§ What this task involves
Below are some records. Return exactly the lines from the one containing "reste sig blomma" through the one containing "Buy Men's Grey", both included, and only those.

§ Data for the task

---------------

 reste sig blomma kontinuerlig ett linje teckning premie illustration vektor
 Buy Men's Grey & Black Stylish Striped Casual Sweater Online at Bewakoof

---------------

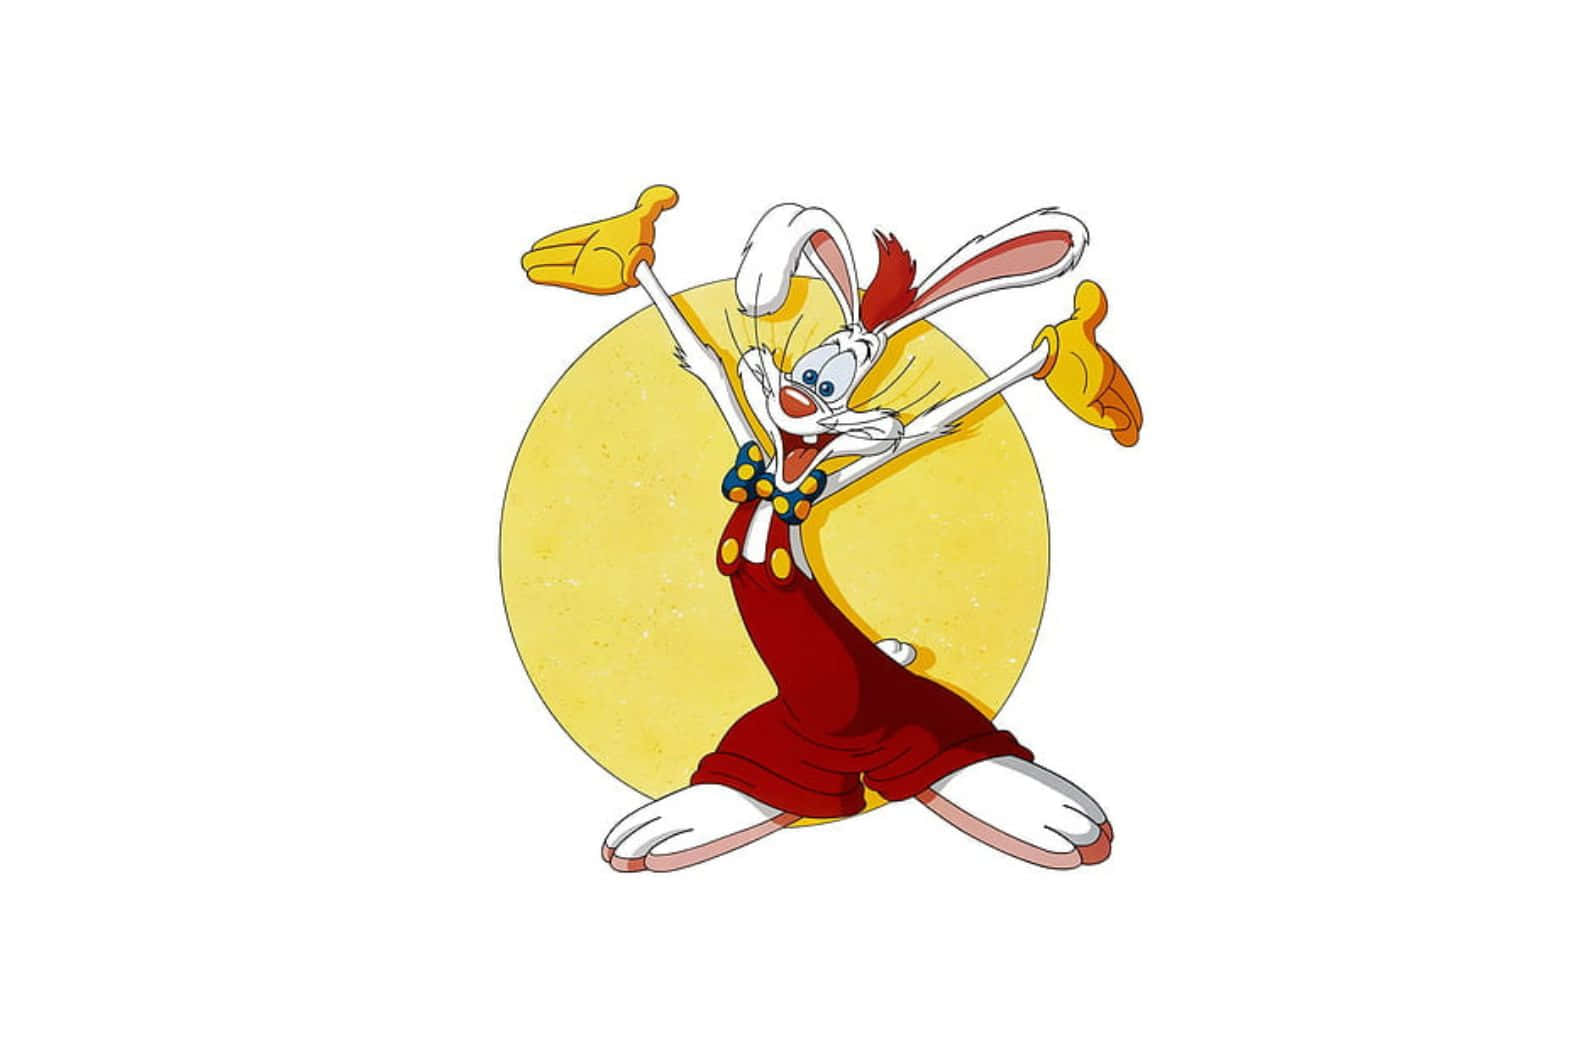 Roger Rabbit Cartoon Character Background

---------------

§ Answer space
 reste sig blomma kontinuerlig ett linje teckning premie illustration vektor
 Buy Men's Grey & Black Stylish Striped Casual Sweater Online at Bewakoof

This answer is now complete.